# le kawa



## zinc

Is kawa a familiar term for coffee? If so, is it OK to use this term at the local bar when ordering? Or would it sound a little familiar to a waiter? Thank you. 

BTW: I checked here http://atilf.atilf.fr/Dendien/scripts/tlfiv5/advanced.exe?8;s=317580060; but didn't get much beyond the formal definition.


----------



## Sev

zinc said:
			
		

> Is kawa a familiar term for coffee? If so, is it OK to use this term at the local bar when ordering? Or would it sound a little familiar to a waiter? Thank you.
> QUOTE]
> 
> It's a familiar term, as you said, and I wouldn't say that to a waiter.Keep "café " for that use.  But you can use it with friends : "On s'fait un kawa à la pause ?"


----------



## Nico5992

"Kawa" is one of the hundreds of French words that come from Arabic.


----------



## zinc

Nico5992 said:
			
		

> "Kawa" is one of the hundreds of French words that come from Arabic.


 Are you sure Nico? The dictionary reference suggests it comes from the mouth-numbing Fijian drink, Kava.


----------



## Sev

Another possible origin : Kawa is a drink prepared with the roots of a pepper plant in Polynesie.

See here:
http://atilf.atilf.fr/Dendien/scripts/tlfiv5/advanced.exe?8;s=1838342175;


----------



## Jabote

Sev said:
			
		

> Another possible origin : Kawa is a drink prepared with the roots of a pepper plant in Polynesie.
> 
> See here:
> http://atilf.atilf.fr/Dendien/scripts/tlfiv5/advanced.exe?8;s=1838342175;


 
Confirming Sev's statement that kawa is a drinK prepared with the roots of a pepper plant in Polynesia.

HOWEVER ALSO confirming Nico's statement that "caoua" (also spelled kawa) comes from the Arabic word "qahwa" which means coffee.
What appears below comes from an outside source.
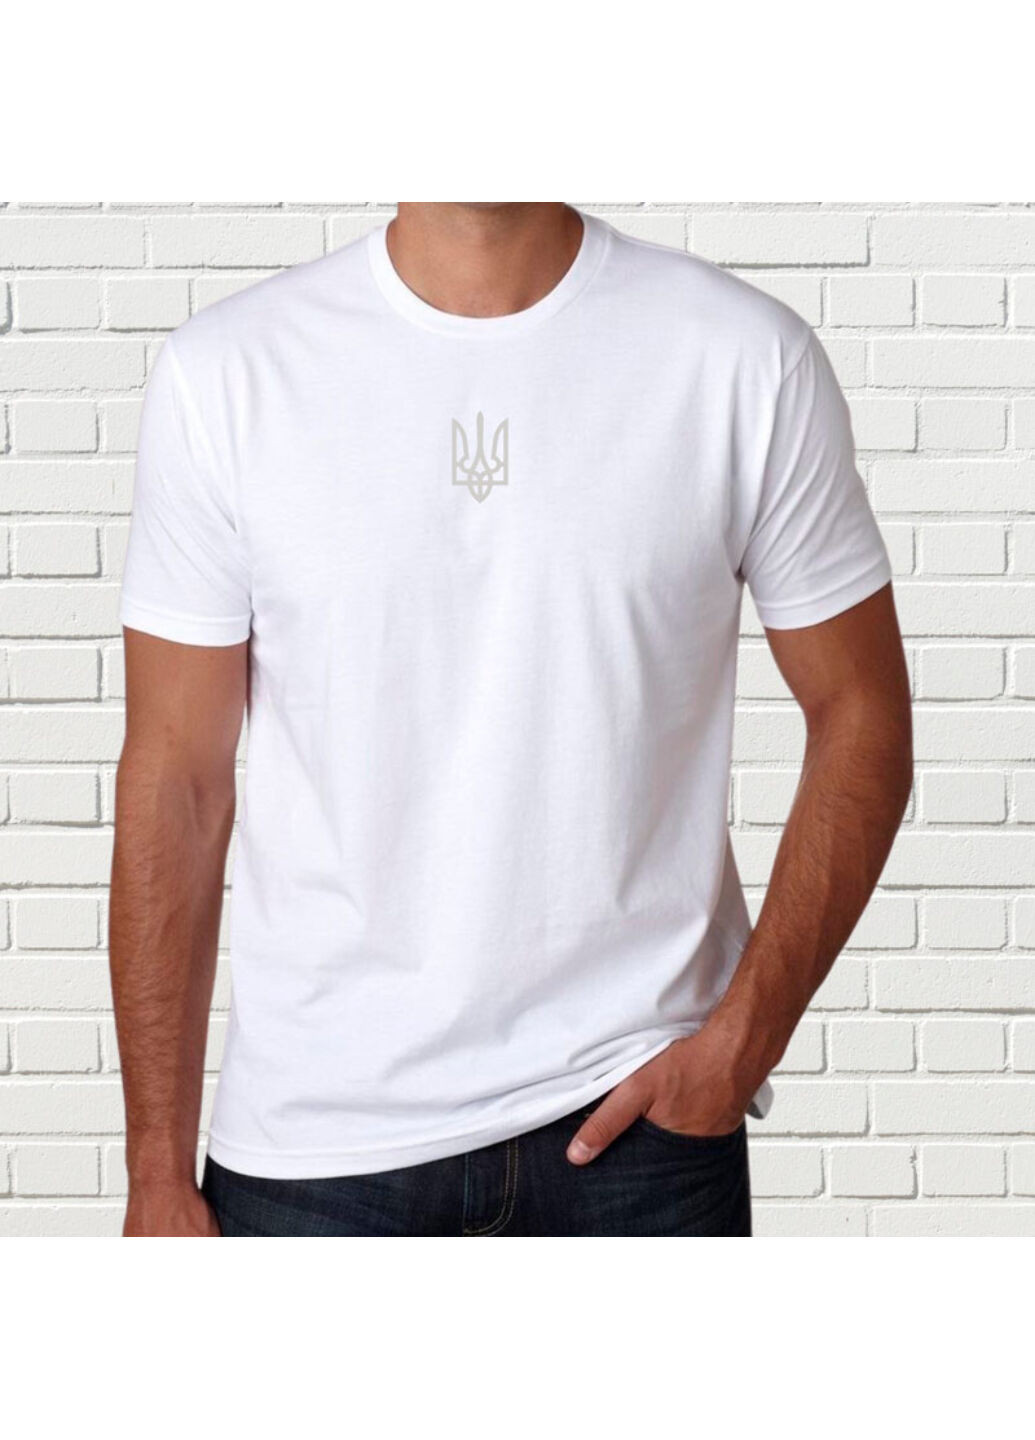 Белая футболка с вышивкой белого трезубца мужская белый m No Brand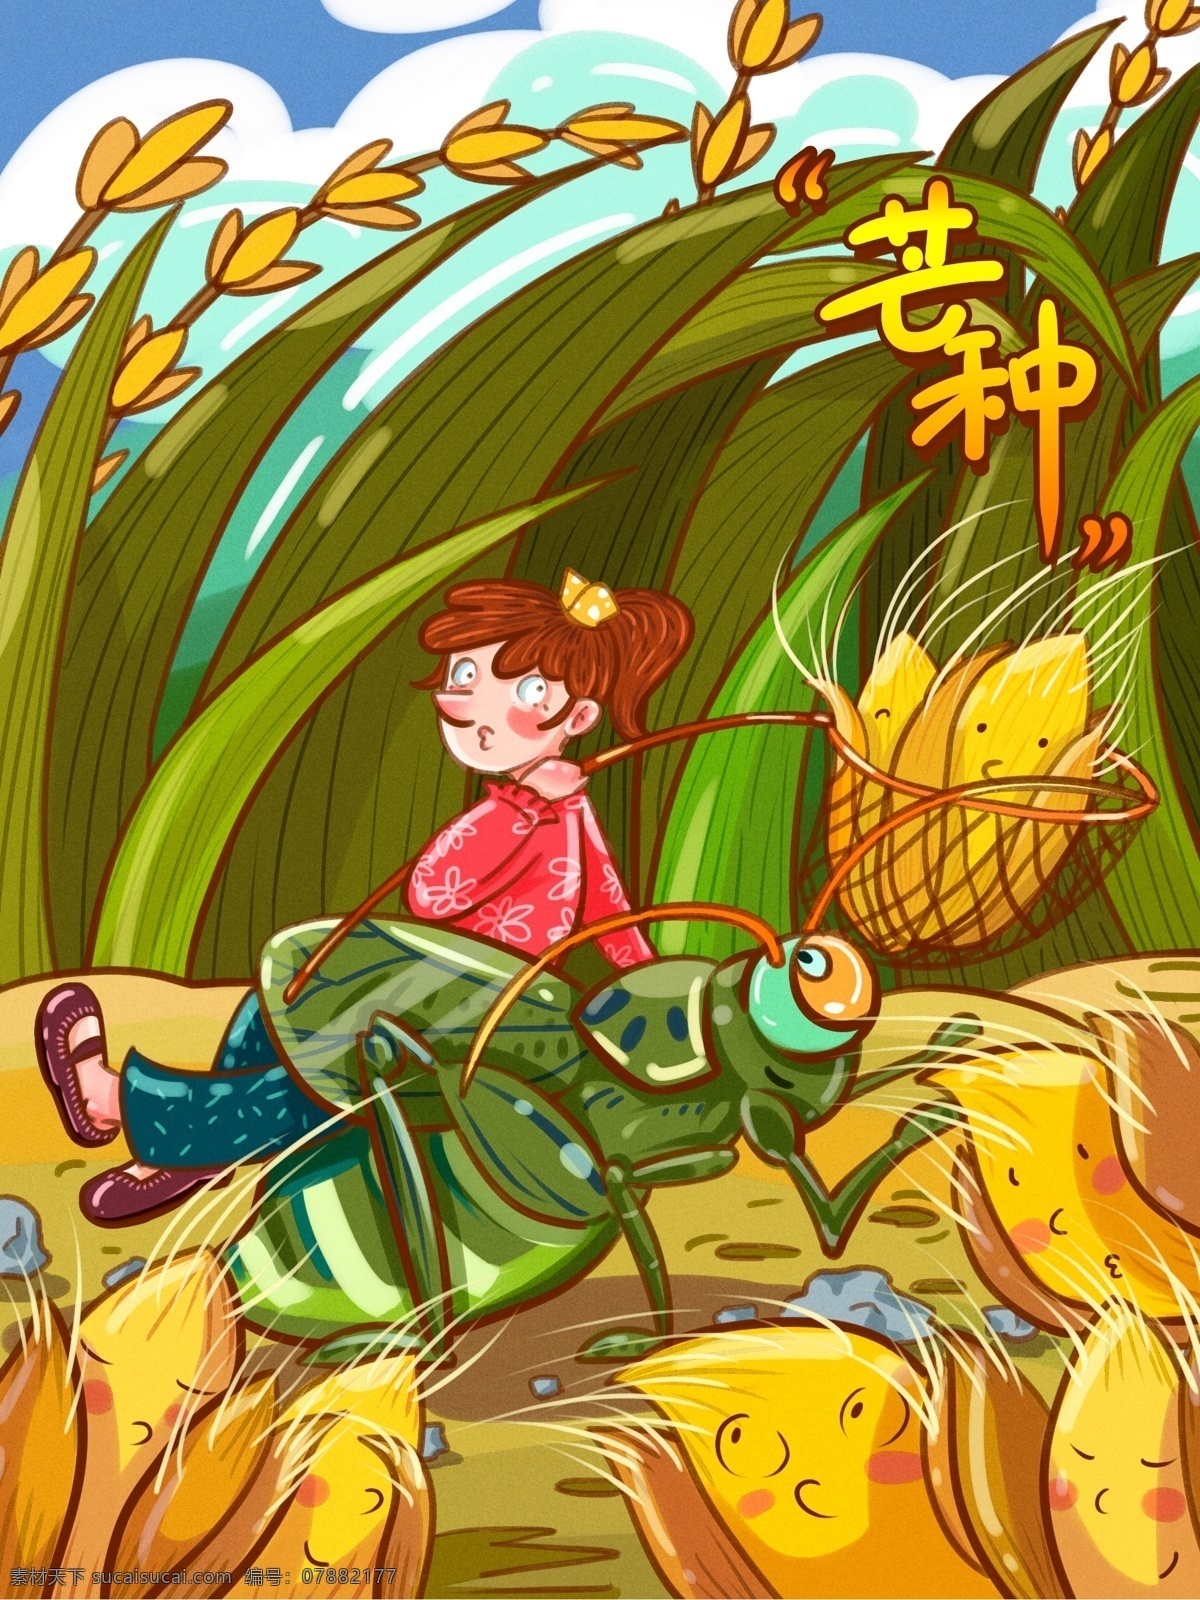 二十四节气 芒种 蟋蟀 稻谷 女孩 描 边卡 通 插画 虫 乡间 网虫 文案 黄 绿

Which means that the French familiar word for coffee should be and remain spelled caoua...


----------



## Sev

Jabote said:
			
		

> Confirming Sev's statement that kawa is a drinK prepared with the roots of a pepper plant in Polynesia.
> 
> HOWEVER ALSO confirming Nico's statement that "caoua" (also spelled kawa) comes from the Arabic word "qahwa" which means coffee.
> 
> Which means that the French familiar word for coffee should be and remain spelled caoua...


 
It seems to me that kawa is more likely to be used. Even if it SHOULD not be.


----------



## Jabote

Sev said:
			
		

> It seems to me that kawa is more likely to be used. Even if it SHOULD not be.


 
I'm not saying that it MUST not be spelled kawa, I'm just saying that in my opinion it SHOULD be spelled caoua.... to avoid confusion.... see my meaning, medear ??? À force d'accepter des néologismes à la fois dans les termes et dans l'orthographe, on crée des confusions... ça apporte de l'eau à mon moulin dans le thread de l'autre jour... he he he !!! Enfin bon on ne va pas remettre le couvert là-dessus...


----------



## Nico5992

zinc said:
			
		

> Are you sure Nico? The dictionary reference suggests it comes from the mouth-numbing Fijian drink, Kava.


I dont actually know whether the French slang word comes from Arabic or Polynesian, but I do know that the Arabic for coffee is *َ*قَهْوَة (qahwa)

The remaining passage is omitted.